* [Description of the task]
From the entries below, output the line with "View Of Mountain" and each following line up to and including the line with "U Beauty Resurfacing", exactly as written.

* [Records from a collection]

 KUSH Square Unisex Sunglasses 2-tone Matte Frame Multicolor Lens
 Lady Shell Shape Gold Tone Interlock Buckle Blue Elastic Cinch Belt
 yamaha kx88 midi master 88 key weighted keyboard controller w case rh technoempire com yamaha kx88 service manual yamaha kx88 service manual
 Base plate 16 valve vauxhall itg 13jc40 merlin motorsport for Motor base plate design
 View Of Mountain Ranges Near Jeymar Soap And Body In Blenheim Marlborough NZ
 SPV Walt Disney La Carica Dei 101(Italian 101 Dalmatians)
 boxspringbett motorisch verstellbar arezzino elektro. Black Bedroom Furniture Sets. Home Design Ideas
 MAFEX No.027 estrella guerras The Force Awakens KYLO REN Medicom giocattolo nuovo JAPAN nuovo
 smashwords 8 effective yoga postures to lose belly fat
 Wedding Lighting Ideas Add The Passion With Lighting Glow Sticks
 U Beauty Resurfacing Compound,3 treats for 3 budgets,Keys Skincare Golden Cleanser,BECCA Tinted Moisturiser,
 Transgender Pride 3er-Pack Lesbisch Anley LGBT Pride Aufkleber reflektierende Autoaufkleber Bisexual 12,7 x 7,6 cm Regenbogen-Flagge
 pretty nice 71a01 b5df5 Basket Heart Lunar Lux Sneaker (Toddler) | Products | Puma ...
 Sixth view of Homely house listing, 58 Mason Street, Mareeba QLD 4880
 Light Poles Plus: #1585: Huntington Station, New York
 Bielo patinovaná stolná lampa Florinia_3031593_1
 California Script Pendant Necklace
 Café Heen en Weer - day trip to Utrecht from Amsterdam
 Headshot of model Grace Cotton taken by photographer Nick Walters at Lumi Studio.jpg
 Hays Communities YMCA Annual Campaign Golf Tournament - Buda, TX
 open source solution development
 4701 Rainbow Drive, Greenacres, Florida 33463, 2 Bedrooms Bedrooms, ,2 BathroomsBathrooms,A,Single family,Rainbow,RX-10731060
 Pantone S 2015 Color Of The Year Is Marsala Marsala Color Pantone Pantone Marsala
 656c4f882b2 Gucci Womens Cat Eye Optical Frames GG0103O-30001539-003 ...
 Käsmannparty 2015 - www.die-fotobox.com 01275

* [Output for this task]
 View Of Mountain Ranges Near Jeymar Soap And Body In Blenheim Marlborough NZ
 SPV Walt Disney La Carica Dei 101(Italian 101 Dalmatians)
 boxspringbett motorisch verstellbar arezzino elektro. Black Bedroom Furniture Sets. Home Design Ideas
 MAFEX No.027 estrella guerras The Force Awakens KYLO REN Medicom giocattolo nuovo JAPAN nuovo
 smashwords 8 effective yoga postures to lose belly fat
 Wedding Lighting Ideas Add The Passion With Lighting Glow Sticks
 U Beauty Resurfacing Compound,3 treats for 3 budgets,Keys Skincare Golden Cleanser,BECCA Tinted Moisturiser,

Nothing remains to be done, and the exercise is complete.